Starter for Ten
And suddenly I can hear the opening of the Brandenburg Concertos playing very loudly from my room, so I grab the mugs of beer and hurry back to find him sitting at my desk with a fag in his mouth, the Bach album sleeve in one hand, the Communist Manifesto in the other.
“So what are you these days, Communist or a Socialist?”
“A Socialist, I suppose,” I say, turning the volume down.
“Right. So what's the difference, then?” I know he knows the difference, and that I'm being teased, but I tell him anyway.
“A Communist is opposed to the notion of private property and ownership of the means of production, whereas socialism is about working toward—”
“Why's your mattress on the floor?”
“It's a futon.”
“Right. A fu-ton. Did the Asian babe teach you that, then?”
“‘Asian babe’—racism and sexism in the same phrase!” I say, slipping the breasts-of-alabaster poem into the desk drawer. “Actually, Lucy's originally from Minneapolis. Just because she's of Chinese origin, doesn't mean she's Chinese.”
“God, you're right, this beer really is piss. Can't we go down the pub or something?”
“Bit late, isn't it?”
“We've still got half an hour.”
“I've got to do some reading before tomorrow morning.”
“What have you got to read?”
“Pope's The Rape of the Lock.”
“Sounds racy. Do it in the morning though, yeah?”
“Well …”
“Come on, just a quick one?”
I know I shouldn't go, of course.
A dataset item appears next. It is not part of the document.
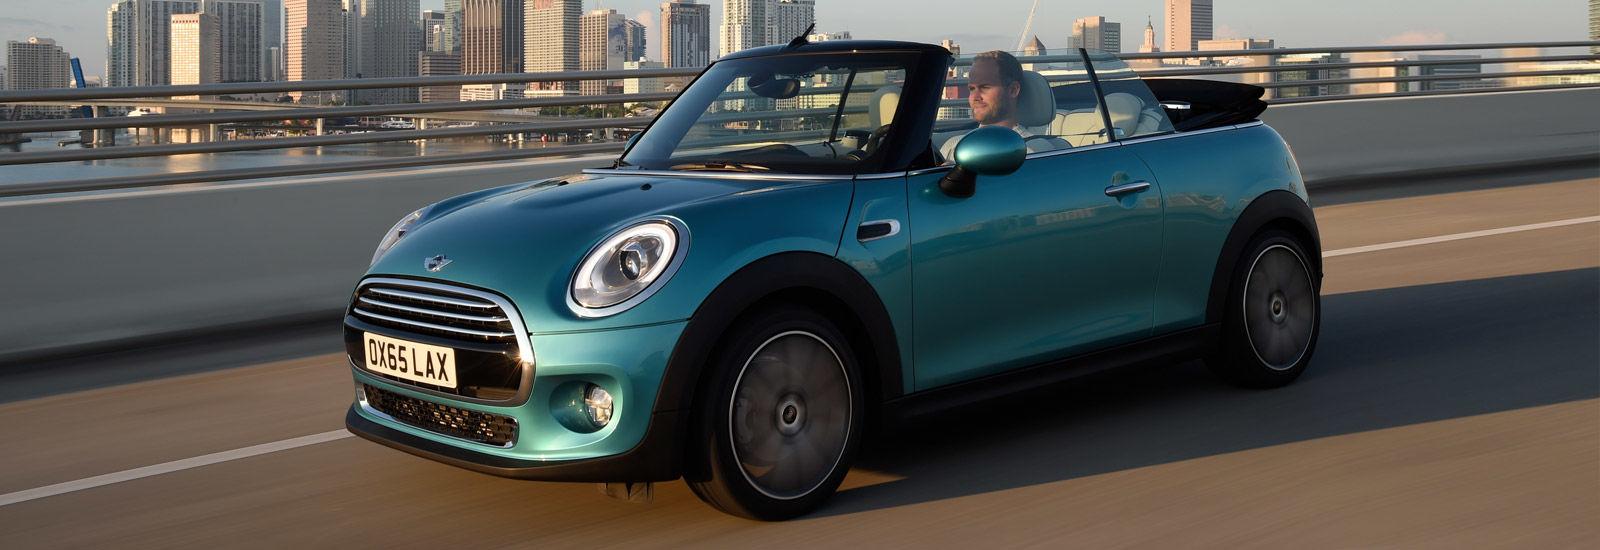 new mini car releaseNew Mini Convertible price specs  release date  carwow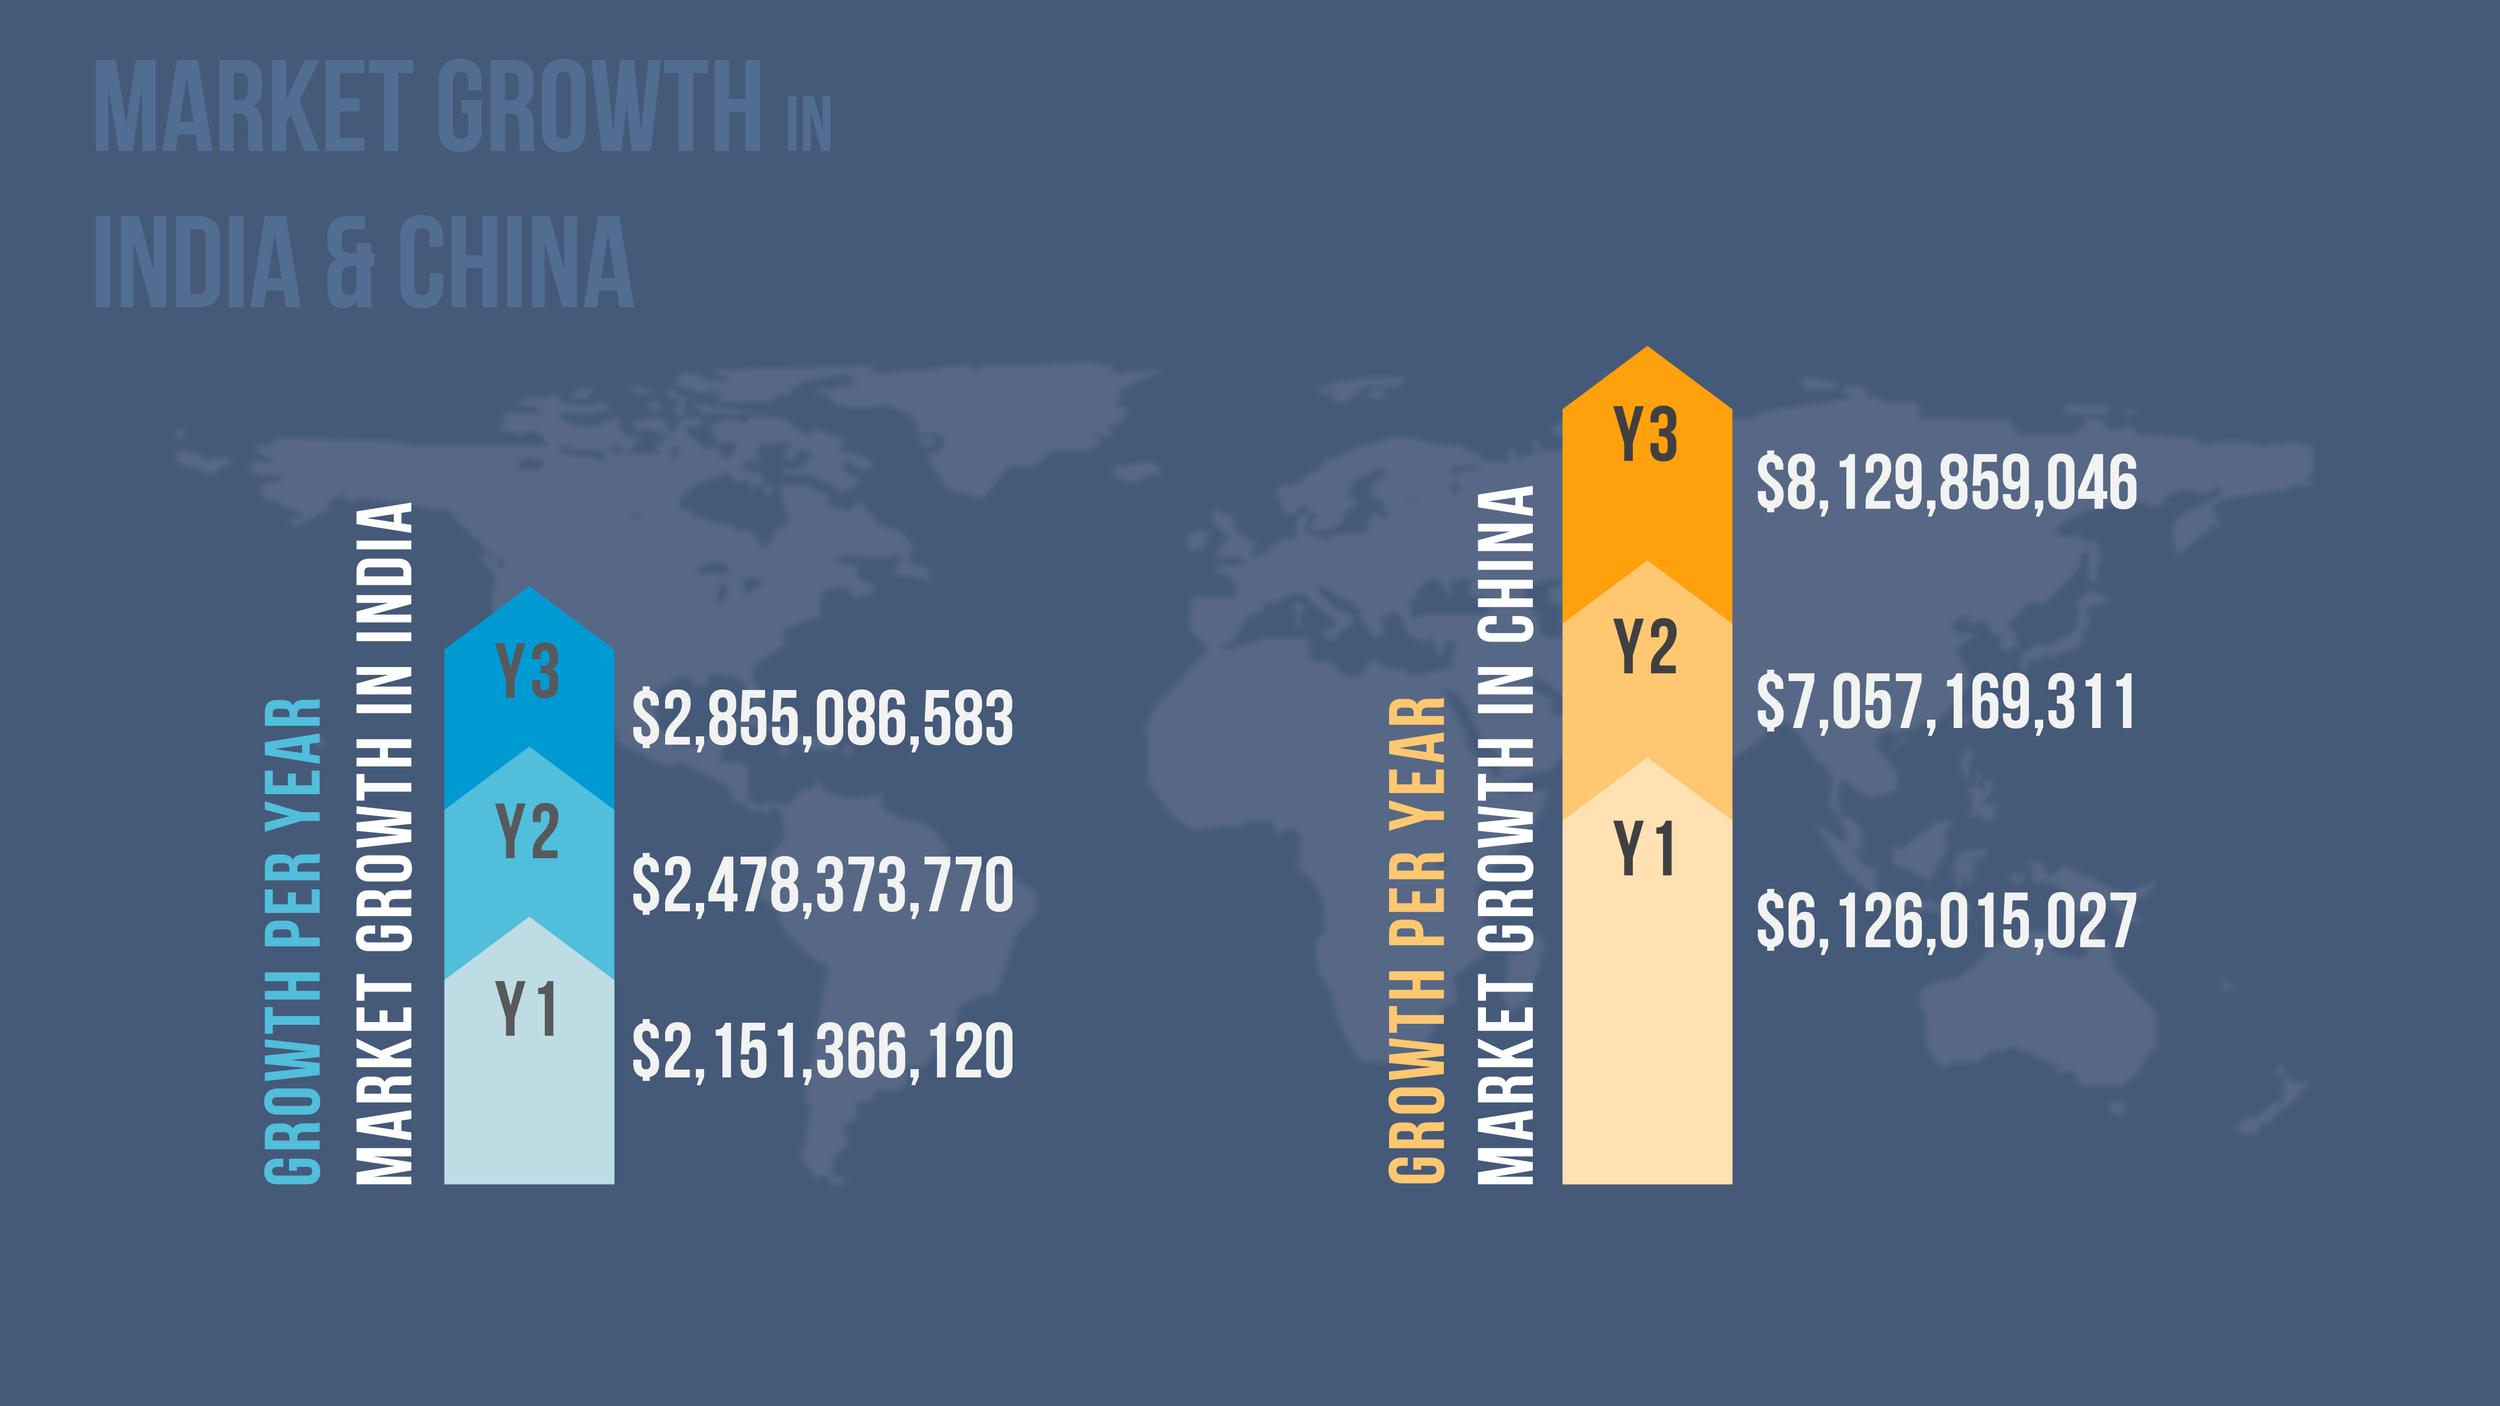 s_growthAsia-01.jpg

But this room suddenly feels too small and bright, and getting drunk now seems like a necessity, so I say okay, and we go to the pub.
The Flying Dutchman is still busy when we arrive, and as I wait at the bar, I look across to where Spencer's standing, glaring round the room with his red eyes narrowed, puffing sourly on another cigarette. I get a pint for me, a pint and a vodka for him.
“So, a student pub this, is it?” he asks.
“Don't know. I suppose it is. Shall we see if we can find a table?”
We squeeze through to the back, holding our pints over our heads, find an empty table and settle, and there's a moment's silence before I say,
“So—how's things at home?”
“Oh—wonderful. Really A-one.”
“So what brings you here then?”
“You invited me; come anytime, remember?”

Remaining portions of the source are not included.